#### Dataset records
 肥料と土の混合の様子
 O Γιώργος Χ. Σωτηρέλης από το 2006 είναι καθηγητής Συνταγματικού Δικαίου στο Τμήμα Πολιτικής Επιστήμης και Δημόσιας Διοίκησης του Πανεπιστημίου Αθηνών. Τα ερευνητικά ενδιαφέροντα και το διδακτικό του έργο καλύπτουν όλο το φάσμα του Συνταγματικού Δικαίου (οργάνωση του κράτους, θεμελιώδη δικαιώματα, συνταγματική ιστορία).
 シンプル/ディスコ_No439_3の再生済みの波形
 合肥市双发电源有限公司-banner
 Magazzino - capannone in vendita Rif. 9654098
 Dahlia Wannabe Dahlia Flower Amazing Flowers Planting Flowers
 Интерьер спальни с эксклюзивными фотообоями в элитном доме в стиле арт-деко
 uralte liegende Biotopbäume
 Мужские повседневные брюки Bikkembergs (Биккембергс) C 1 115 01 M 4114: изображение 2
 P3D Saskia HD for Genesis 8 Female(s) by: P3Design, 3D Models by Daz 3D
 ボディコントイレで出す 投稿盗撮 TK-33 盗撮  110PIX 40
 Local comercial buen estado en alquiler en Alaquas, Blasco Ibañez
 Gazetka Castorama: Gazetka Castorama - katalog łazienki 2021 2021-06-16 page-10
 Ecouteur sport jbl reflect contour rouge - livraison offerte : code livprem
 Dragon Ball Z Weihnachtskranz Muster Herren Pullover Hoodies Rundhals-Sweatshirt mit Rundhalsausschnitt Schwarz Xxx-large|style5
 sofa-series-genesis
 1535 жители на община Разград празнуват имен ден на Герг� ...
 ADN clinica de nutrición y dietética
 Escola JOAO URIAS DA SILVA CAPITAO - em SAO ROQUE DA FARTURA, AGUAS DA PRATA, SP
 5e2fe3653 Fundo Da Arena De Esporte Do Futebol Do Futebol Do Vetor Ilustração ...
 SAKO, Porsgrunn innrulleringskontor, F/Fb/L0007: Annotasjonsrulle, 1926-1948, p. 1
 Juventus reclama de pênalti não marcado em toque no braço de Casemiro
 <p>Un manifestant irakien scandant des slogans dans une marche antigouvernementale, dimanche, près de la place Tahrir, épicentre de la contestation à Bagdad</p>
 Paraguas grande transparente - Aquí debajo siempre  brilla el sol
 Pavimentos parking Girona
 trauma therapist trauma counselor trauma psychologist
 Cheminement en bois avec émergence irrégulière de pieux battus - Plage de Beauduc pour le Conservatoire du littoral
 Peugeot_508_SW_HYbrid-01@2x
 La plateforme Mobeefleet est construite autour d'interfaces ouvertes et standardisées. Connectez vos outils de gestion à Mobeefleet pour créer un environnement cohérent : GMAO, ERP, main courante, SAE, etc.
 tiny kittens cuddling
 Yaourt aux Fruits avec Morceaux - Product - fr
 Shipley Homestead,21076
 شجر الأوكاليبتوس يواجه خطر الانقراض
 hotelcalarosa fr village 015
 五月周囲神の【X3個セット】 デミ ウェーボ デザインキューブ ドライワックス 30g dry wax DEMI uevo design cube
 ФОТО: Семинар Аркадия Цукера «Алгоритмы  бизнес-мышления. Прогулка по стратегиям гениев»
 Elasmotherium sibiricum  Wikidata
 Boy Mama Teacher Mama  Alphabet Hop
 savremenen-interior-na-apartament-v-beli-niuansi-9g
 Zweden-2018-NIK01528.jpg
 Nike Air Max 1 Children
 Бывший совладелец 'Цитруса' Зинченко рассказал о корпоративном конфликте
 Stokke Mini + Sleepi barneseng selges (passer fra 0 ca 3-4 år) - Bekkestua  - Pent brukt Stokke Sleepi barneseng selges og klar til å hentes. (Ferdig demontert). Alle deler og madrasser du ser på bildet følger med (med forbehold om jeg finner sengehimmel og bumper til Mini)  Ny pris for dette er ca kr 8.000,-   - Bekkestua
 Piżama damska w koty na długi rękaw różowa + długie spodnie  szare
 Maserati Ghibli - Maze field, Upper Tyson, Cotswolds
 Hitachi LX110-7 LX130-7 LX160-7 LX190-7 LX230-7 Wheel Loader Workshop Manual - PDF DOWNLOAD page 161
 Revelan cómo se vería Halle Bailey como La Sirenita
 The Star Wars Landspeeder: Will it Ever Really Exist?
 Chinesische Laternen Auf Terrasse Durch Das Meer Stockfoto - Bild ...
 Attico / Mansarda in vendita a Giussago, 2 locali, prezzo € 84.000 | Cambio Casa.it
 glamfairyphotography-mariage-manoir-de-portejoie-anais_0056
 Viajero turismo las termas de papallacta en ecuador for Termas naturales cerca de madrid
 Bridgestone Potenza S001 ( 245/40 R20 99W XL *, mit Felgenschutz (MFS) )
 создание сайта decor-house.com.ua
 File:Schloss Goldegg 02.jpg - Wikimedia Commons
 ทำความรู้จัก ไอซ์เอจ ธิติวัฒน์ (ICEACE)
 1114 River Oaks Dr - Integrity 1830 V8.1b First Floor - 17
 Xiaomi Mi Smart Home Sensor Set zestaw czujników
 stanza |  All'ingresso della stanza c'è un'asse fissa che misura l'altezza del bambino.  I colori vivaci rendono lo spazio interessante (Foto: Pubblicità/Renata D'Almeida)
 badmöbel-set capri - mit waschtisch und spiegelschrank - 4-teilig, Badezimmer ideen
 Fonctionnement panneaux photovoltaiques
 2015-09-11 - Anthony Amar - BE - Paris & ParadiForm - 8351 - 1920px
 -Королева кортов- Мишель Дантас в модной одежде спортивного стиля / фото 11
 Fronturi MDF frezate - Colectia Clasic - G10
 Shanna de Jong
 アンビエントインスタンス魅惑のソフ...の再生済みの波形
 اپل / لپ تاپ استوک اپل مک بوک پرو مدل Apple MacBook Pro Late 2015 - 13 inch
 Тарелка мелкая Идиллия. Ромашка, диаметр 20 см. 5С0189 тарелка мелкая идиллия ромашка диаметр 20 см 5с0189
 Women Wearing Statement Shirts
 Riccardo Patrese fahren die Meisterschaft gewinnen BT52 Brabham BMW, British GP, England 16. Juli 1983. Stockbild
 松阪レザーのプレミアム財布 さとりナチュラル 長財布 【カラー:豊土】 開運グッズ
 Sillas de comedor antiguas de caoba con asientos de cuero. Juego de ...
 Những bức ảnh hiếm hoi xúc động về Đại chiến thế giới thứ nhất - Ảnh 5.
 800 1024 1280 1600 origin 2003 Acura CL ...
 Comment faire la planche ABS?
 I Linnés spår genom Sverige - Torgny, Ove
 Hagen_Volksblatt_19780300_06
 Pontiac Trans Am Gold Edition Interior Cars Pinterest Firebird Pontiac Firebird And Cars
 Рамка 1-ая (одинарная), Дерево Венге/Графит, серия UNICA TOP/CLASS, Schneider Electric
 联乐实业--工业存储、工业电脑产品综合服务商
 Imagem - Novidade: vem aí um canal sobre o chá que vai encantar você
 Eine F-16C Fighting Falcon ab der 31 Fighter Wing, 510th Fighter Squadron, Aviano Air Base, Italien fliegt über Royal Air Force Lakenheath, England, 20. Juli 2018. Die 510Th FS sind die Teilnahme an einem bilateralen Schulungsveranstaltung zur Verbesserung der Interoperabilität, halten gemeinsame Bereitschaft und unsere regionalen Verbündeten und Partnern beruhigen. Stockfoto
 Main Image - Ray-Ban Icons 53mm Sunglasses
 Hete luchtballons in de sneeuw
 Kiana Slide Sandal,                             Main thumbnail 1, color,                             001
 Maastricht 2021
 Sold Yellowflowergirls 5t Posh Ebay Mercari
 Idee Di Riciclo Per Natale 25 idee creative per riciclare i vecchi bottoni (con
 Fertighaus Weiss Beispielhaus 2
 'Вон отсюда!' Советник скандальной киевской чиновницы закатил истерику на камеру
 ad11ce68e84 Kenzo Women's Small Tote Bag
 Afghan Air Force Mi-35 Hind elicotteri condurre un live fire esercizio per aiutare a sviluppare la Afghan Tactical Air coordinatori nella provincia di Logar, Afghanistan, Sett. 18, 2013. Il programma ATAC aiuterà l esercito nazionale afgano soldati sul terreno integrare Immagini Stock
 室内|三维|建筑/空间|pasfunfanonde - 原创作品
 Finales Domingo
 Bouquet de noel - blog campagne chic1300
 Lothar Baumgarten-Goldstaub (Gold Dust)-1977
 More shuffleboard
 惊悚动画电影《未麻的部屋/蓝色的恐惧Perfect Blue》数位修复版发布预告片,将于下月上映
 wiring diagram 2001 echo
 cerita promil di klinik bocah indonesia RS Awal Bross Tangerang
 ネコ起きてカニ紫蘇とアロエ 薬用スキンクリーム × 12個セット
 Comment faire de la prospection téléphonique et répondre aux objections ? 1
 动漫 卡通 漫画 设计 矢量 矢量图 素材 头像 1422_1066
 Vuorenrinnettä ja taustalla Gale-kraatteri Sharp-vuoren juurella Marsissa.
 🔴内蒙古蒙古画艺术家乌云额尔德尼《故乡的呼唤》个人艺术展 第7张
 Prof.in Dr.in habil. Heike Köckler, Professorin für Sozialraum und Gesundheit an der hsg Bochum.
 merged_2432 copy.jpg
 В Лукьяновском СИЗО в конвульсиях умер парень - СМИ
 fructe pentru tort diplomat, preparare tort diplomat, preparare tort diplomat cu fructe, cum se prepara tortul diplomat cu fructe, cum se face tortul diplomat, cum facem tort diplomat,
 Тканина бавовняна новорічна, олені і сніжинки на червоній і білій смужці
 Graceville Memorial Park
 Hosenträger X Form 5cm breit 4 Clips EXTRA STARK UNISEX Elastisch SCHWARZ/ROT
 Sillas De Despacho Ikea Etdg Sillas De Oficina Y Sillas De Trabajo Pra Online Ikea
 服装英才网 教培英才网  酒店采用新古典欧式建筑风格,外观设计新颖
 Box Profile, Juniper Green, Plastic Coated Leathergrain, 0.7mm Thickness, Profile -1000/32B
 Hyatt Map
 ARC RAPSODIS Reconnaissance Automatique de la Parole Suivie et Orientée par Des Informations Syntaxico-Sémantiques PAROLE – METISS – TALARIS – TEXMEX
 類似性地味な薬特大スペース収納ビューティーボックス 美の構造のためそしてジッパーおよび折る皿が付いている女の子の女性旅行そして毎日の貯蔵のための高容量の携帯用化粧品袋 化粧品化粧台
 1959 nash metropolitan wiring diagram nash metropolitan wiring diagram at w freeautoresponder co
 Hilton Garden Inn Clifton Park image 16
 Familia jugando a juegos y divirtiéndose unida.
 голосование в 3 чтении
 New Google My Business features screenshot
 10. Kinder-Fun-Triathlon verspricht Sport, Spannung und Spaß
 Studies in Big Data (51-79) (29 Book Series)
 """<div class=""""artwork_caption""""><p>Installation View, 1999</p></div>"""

#### REQUIREMENT
Copy every line of the entries in which "Women" can be found.

#### OUTPUT
 Women Wearing Statement Shirts
 ad11ce68e84 Kenzo Women's Small Tote Bag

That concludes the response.